In their paper, the researchers calculate that if more than 1% of the adult apes are extracted from the wild per year — either killed, translocated or captured — then extinction is inevitable, regardless of the population’s starting size. “Our analysis strongly suggests that the remaining Tapanuli orangutans are currently in suboptimal high elevation habitat and that probably more than 1% of the population is taken out annually based on reported killing, translocation and rescue data, which predicts further population decline and imminent extinction,” Meijaard said. Serge Wich, a co-author of the paper and co-vice chair of the IUCN primate specialists’ section on great apes (SGA), said the Tapanuli orangutan might not be specifically adapted to highland conditions and should occur in a full range of habitats, such as peat swamps and lowland-dryland forests, for optimal likelihood of survival in the wild. Without efforts to prevent further losses to the population, the species could go extinct within a matter of several generations, according to the researchers. The ongoing fragmentation of the Batang Toru forest only exacerbates that risk, Wich said.
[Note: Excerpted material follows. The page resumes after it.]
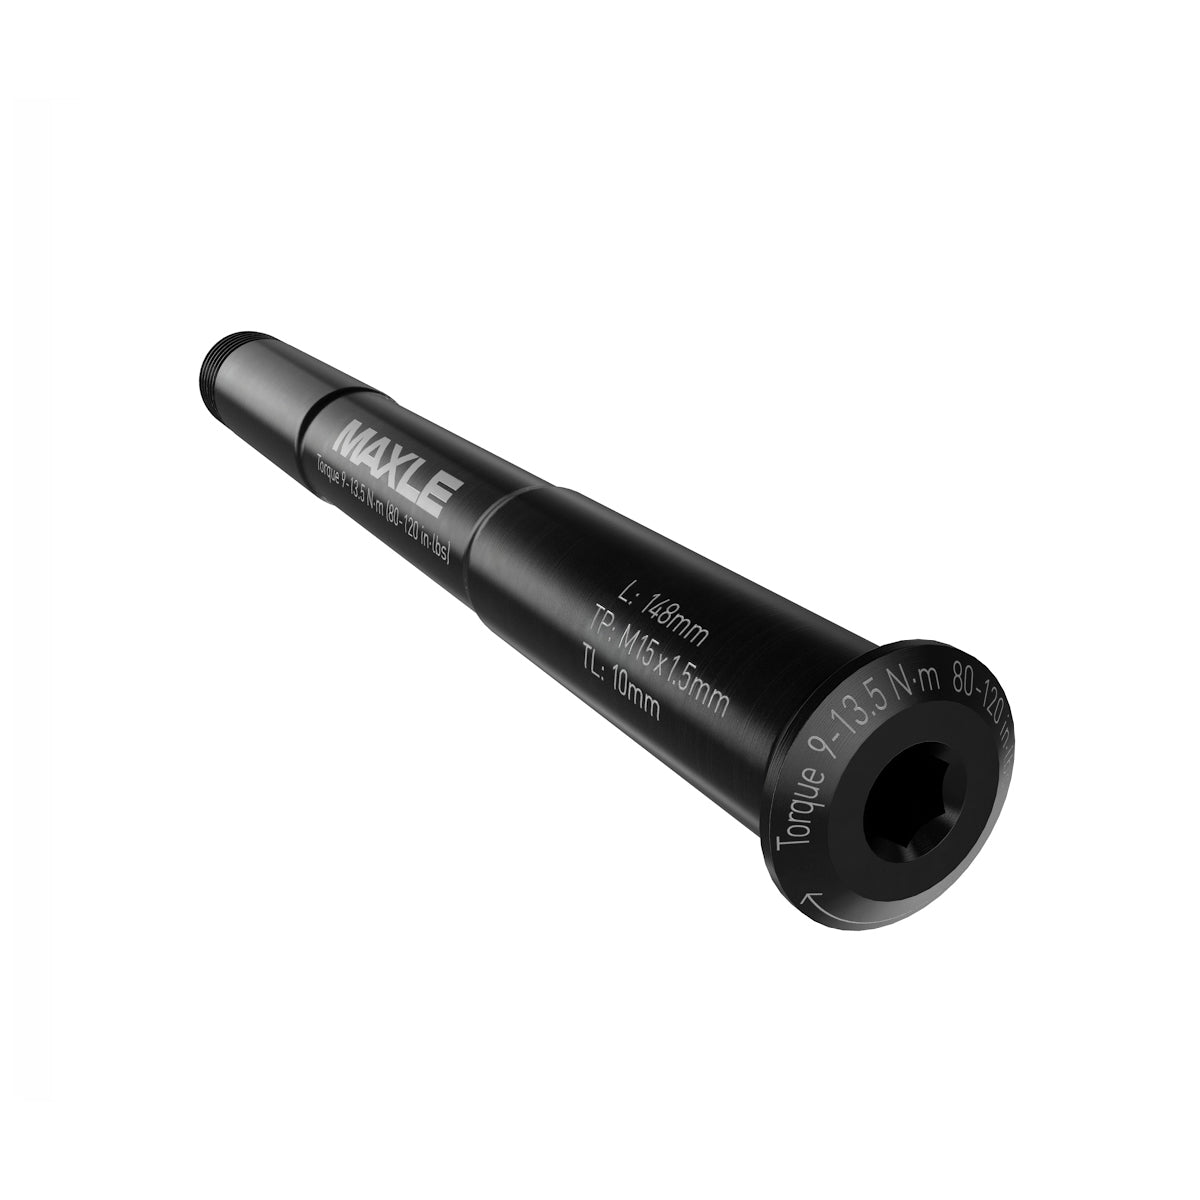 Rock Shox Maxle Stealth Front Mtb - 15x110 - Length 158mm - Thread Length 9mm - Thread Pitch M15x1.50 - Boost Compatible

He cited a 2016 assessment of orangutan population and habitat viability that projects the western block of the Tapanuli orangutan habitat to have moderate to poor viability for the apes’ survival, and the eastern block poor viability. “The [assessment] models in the 2016 report … clearly indicate that both the West and East block will go extinct if the current threat levels remain,” Wich informs. “There are no indications that current threat levels are decreasing.” He called on all stakeholders, including the government, NGOs, scientists, donors, local community representatives, and industry, to develop a solid action plan for the survival of the species. “The current patchy approach to conserve the species will in all likelihood fail,” Wich said. “In addition, the conservation of the species would benefit from transparency in terms of data on surveys, rescues, releases, etc. The lack of this is also not helping the species.”